標高2000mを超える湖としては日本一大きく、アクセスする国道299号線が冬季に封鎖される。最寄りの駐車場が500円かかろうとも、トイレがチップ制でも、紅葉のベストシーズンには駐車場で小一時間並ぶことになっても許せる神秘的な湖だ。駐車場から苔の森を歩いて約20分。
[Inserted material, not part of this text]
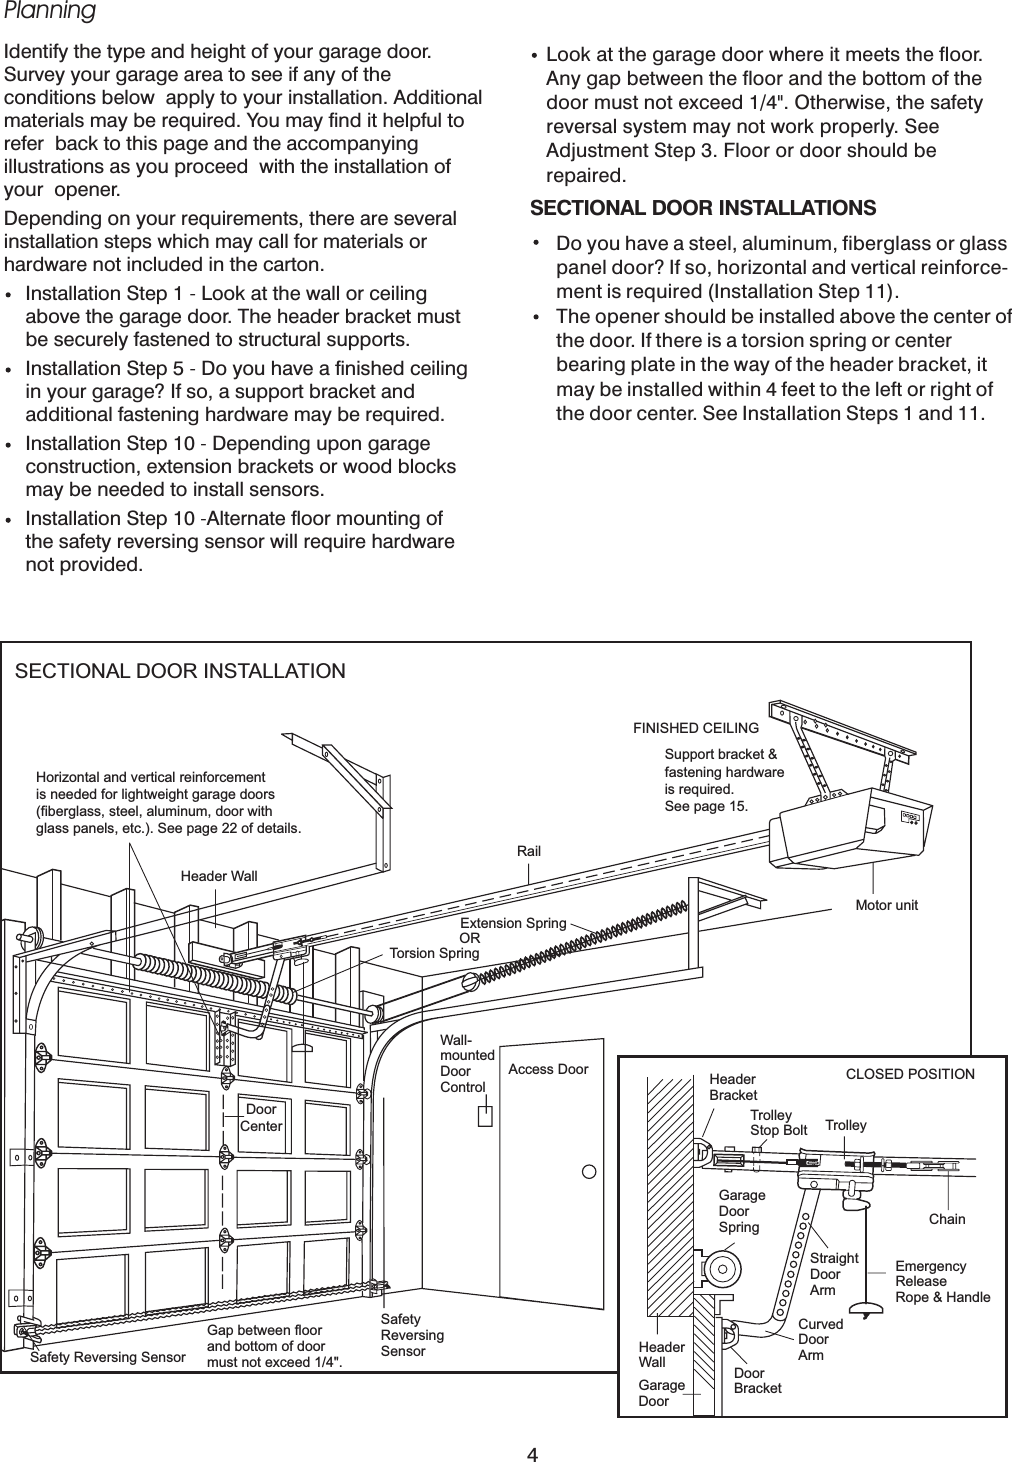 PlanningIdentify the type and height of your garage door.Survey your garage area to see if any of theconditions below apply to your installation. Additionalmaterials may be required. You may find it helpful torefer back to this page and the accompanyingillustrations as you proceed with the installation ofyour opener.Depending on your requirements, there are severalinstallation steps which may call for materials orhardware not included in the carton.Installation Step 1 Look at the wall or ceilingabove the garage door. The header bracket mustbe securely fastened to structural supports.Installation Step 5 Do you have a finished ceilingin your garage? If so, a support bracket andadditional fastening hardware may be required.Installation Step 10 Depending upon garageconstruction, extension brackets or wood blocksmay be needed to install sensors.Installation Step 10 Alternate floor mounting ofthe safety reversing sensor will require hardwarenot provided.----Look at the garage door where it meets the floor.Any gap between the floor and the bottom of thedoor must not exceed 1/4&quot;. Otherwise, the safetyreversal system may not work properly. SeeAdjustment Step 3. Floor or door should berepaired.SECTIONAL DOOR INSTALLATIONSDo you have a steel, aluminum, fiberglass or glasspanel door? If so, horizontal and vertical reinforce-ment is required (Installation Step 11).The opener should be installed above the center ofthe door. If there is a torsion spring or centerbearing plate in the way of the header bracket, itmay be installed within 4 feet to the left or right ofthe door center. See Installation Steps 1 and 11.SECTIONAL DOOR INSTALLATIONHorizontal and vertical reinforcementis needed for lightweight garage doors(fiberglass, steel, aluminum, door withglass panels, etc.). See page 22 of details.Header WallDoorCenterRailExtension SpringORTorsion SpringWall-mountedDoorControlAccess DoorMotor unitFINISHED CEILINGSupport bracket &amp;fastening hardwareis required.See page 15.Safety Reversing SensorGap between floorand bottom of doormust not exceed 1/4&quot;.SafetyReversingSensorHeaderBracketTrolleyStop Bolt TrolleyCLOSED POSITIONChainGarageDoorSpringEmergencyReleaseRope &amp; HandleStraightDoorArmCurvedDoorArmDoorBracketHeaderWallGarageDoor4

以前ブログに書いた『もののけの森』を通りながら湖の周りを歩くこともできるし、湖を見下ろす高見石にもゆっくりでも1時間ほどで登ることができる。
『もののけの森』
なんといってもオススメは手漕ぎボートだ。ハイシーズンでもあまり混雑しないボートで、おにぎりをほうばりながら、好きな場所に移動して写真を撮ることができる。ボートの中で横になりこっそり一服しながら静かに空を見上げているところに甲高い音を立てて飛んでくる無粋なドローンを打ち落すには電磁波攻撃がいいのか高性能なモデルガンがいいのか?などとくだらない妄想するのも含めてとてもいいアローンな時間だ。湖畔でボートのレンタルできるのは2箇所、白苔荘と青苔荘。基本は30分だが湖全体をくまなく巡り、軽くランチをするなら倍の料金を払ってでも1時間借りたほうがいい。念のためにライフベストは装着、くれぐれもスマホ・車の鍵・財布をポチャンしないようにご注意を。

冷え込みがいまいちだった2019年だが、白駒池では10月のはじめには紅葉が始まっていた。例年に比べるとたしかに黄色・オレンジ系が弱かったが赤いものは見事に色づいていて依然残っている緑とのコントラストが印象的だった。